Unbiased estimation of covariance matrix for multiply censored data Chemical analyses of environmental samples are often censored below at reporting limits or various detection/quantitation limits.  The latter can vary, usually in proportion to the values of other variables.  For example, a sample with a high concentration of one compound might need to be diluted for analysis, resulting in proportional inflation of the censoring limits for all other compounds analyzed at the same time in that sample.  As another example, sometimes the presence of a compound can alter the response of the test to other compounds (a "matrix interference"); when this is detected by the laboratory, it will inflate its reporting limits accordingly.
I am seeking a practical way to estimate the entire variance-covariance matrix for such datasets, especially when many of the compounds experience more than 50% censoring, which is often the case.  A conventional distributional model is that the logarithms of the (true) concentrations are multinormally distributed, and this appears to fit well in practice, so a solution for this situation would be useful.
(By "practical" I mean a method that can reliably be coded in at least one generally available software environment like R, Python, SAS, etc., in a way that executes quickly enough to support iterative recalculations such as occur in multiple imputation, and which is reasonably stable [which is why I am reluctant to explore a BUGS implementation, although Bayesian solutions in general are welcome].)
Many thanks in advance for your thoughts on this matter.
 A: I have not full internalized the issue of matrix interference but here is one approach. Let:
$Y$ be a vector that represents the concentration of all the target compounds in the undiluted sample.
$Z$ be the corresponding vector in the diluted sample.
$d$ be the dilution factor i.e., the sample is diluted $d$:1.
Our model is:
$Y \sim N(\mu,\Sigma)$
$Z = \frac{Y}{d} + \epsilon$
where $\epsilon \sim N(0,\sigma^2\ I)$ represents the error due to dilution errors.
Therefore, it follows that:
$Z \sim N(\frac{\mu}{d}, \Sigma + \sigma^2\ I)$
Denote the above distribution of $Z$ by $f_Z(.)$.

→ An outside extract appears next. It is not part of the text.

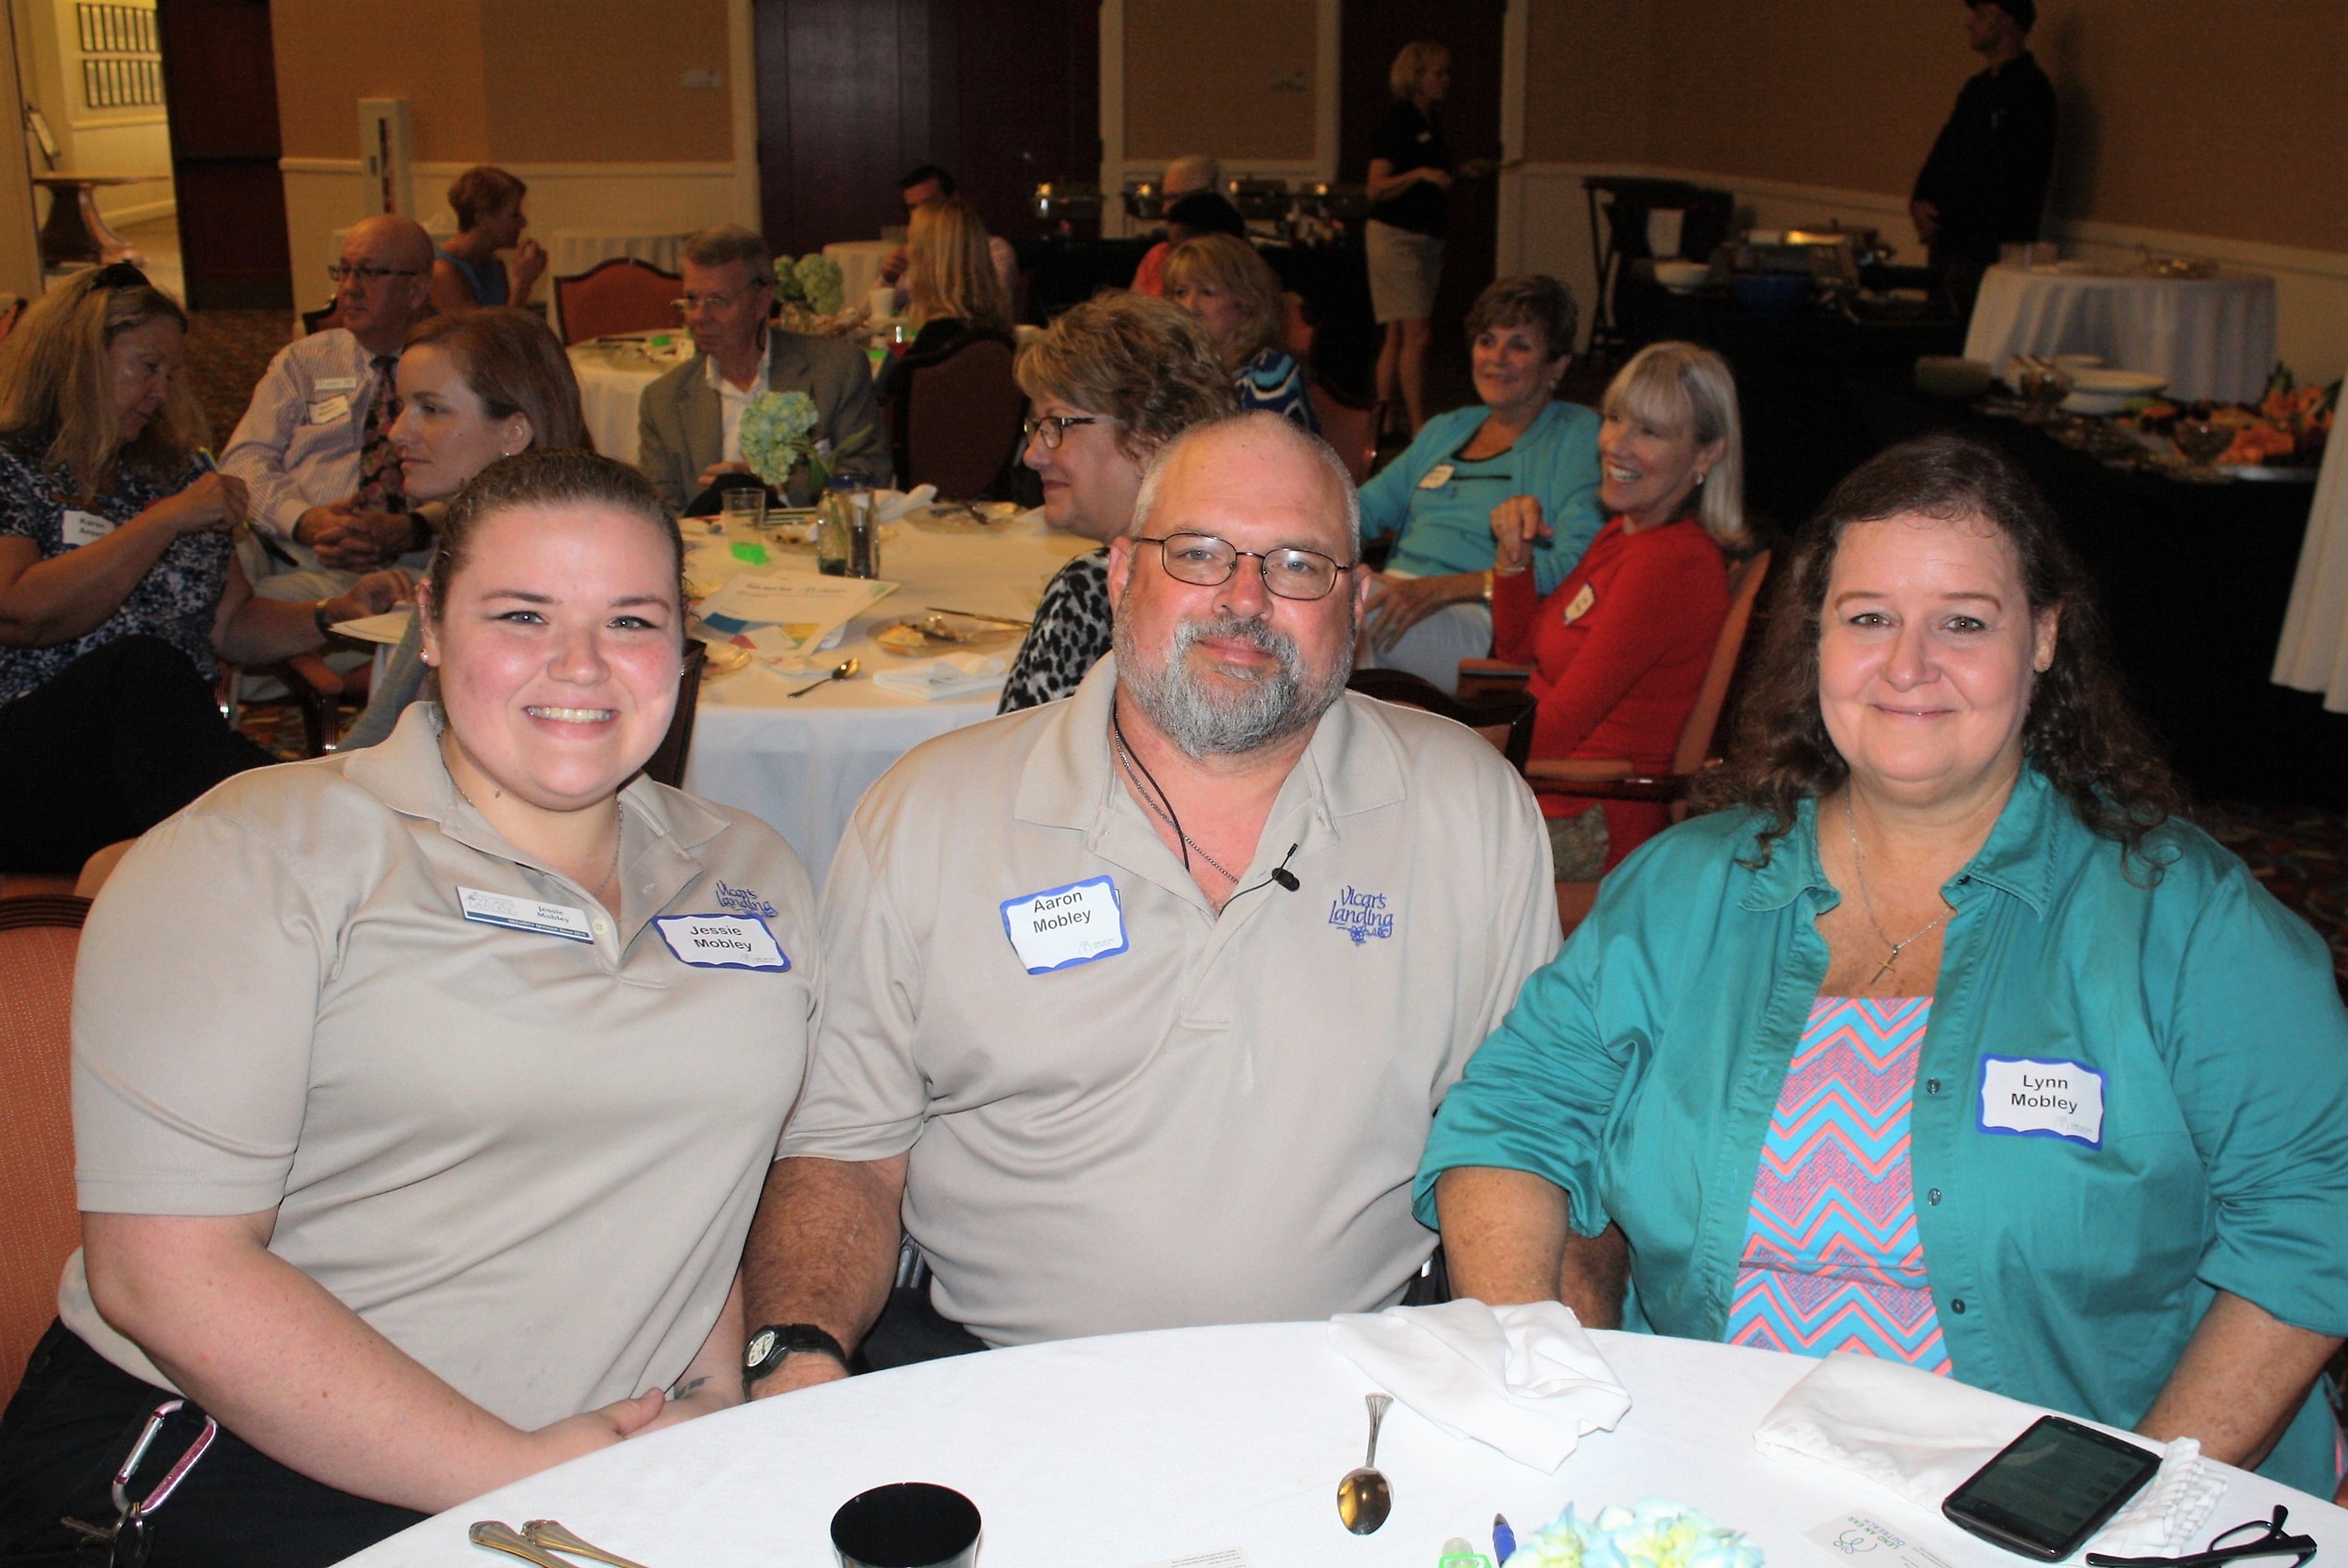 Vicar’s Landing Senior Security Officer Aaron Mobley – shown here with daughter Jessie and wife Lynn – was instrumental in forging the partnership between Vicar’s Landing and Lend an Ear Outreach, which provided him with much-needed hearing aids.

Let $O$ be the observed concentrations and $\tau$ represent the test instrument's threshold below which it cannot detect a compound. Then, for the $i^{th}$ compound we have:
$O_i = Z_i I(Z_i > \tau) + 0 I(Z_i \le \tau)$ 
Without loss of generality let the first $k$ compounds be such that they are below the threshold. Then the likelihood function can be written as:
$L(O_1, ... O_k, O_{k+1},...O_n |- ) = [\prod_{i=1}^{i=k}{Pr(Z_i \le \tau)}]  [\prod_{i=k+1}^{i=n}{f(O_i |-)}]$ 
where
$f(O_i |-) = \int_{j\neq i}{f_Z(O_i|-) I(O_i > \tau)}$
Estimation is then a matter of using either maximum likelihood or bayesian ideas. I am not sure how tractable the above is but I hope it gives you some ideas.
A: Another more computationally efficient option would be to fit the covariance matrix by moment matching using a model that has been called the "dichomized Gaussian", really just a Gaussian copula model.  
A recent paper from Macke et al 2010 describes a closed form procedure for fitting this model which involves only the (censored) empirical covariance matrix and the calculation of some bivariate normal probabilities.  The same group (Bethge lab at MPI Tuebingen) has also described hybrid discrete/continuous Gaussian models which are probably what you want here (i.e., since the Gaussian RVs aren't fully "dichotomized" -- only those below threshold). 
Critically, this is not an ML estimator, and I'm afraid I don't know what its bias properties are.
A: How many compounds are in your sample?  (Or, how big is the covariance matrix in question?).  
Alan Genz has some very nice code in a variety of languages (R, Matlab, Fortran; see here) for computing integrals of multivariate normal densities over hyper-rectangles (i.e., the kinds of integrals you need to evaluate the likelihood, as noted by user28).
I've used these functions ("ADAPT" and "QSIMVN") for integrals up to around 10-12 dimensions, and several functions on that page advertise integrals (and associated derivatives you might need) for problems up to dimension 100.  I don't know if that's enough dimensions for your purposes, but if so it could presumably allow you to find maximum likelihood estimates by gradient ascent.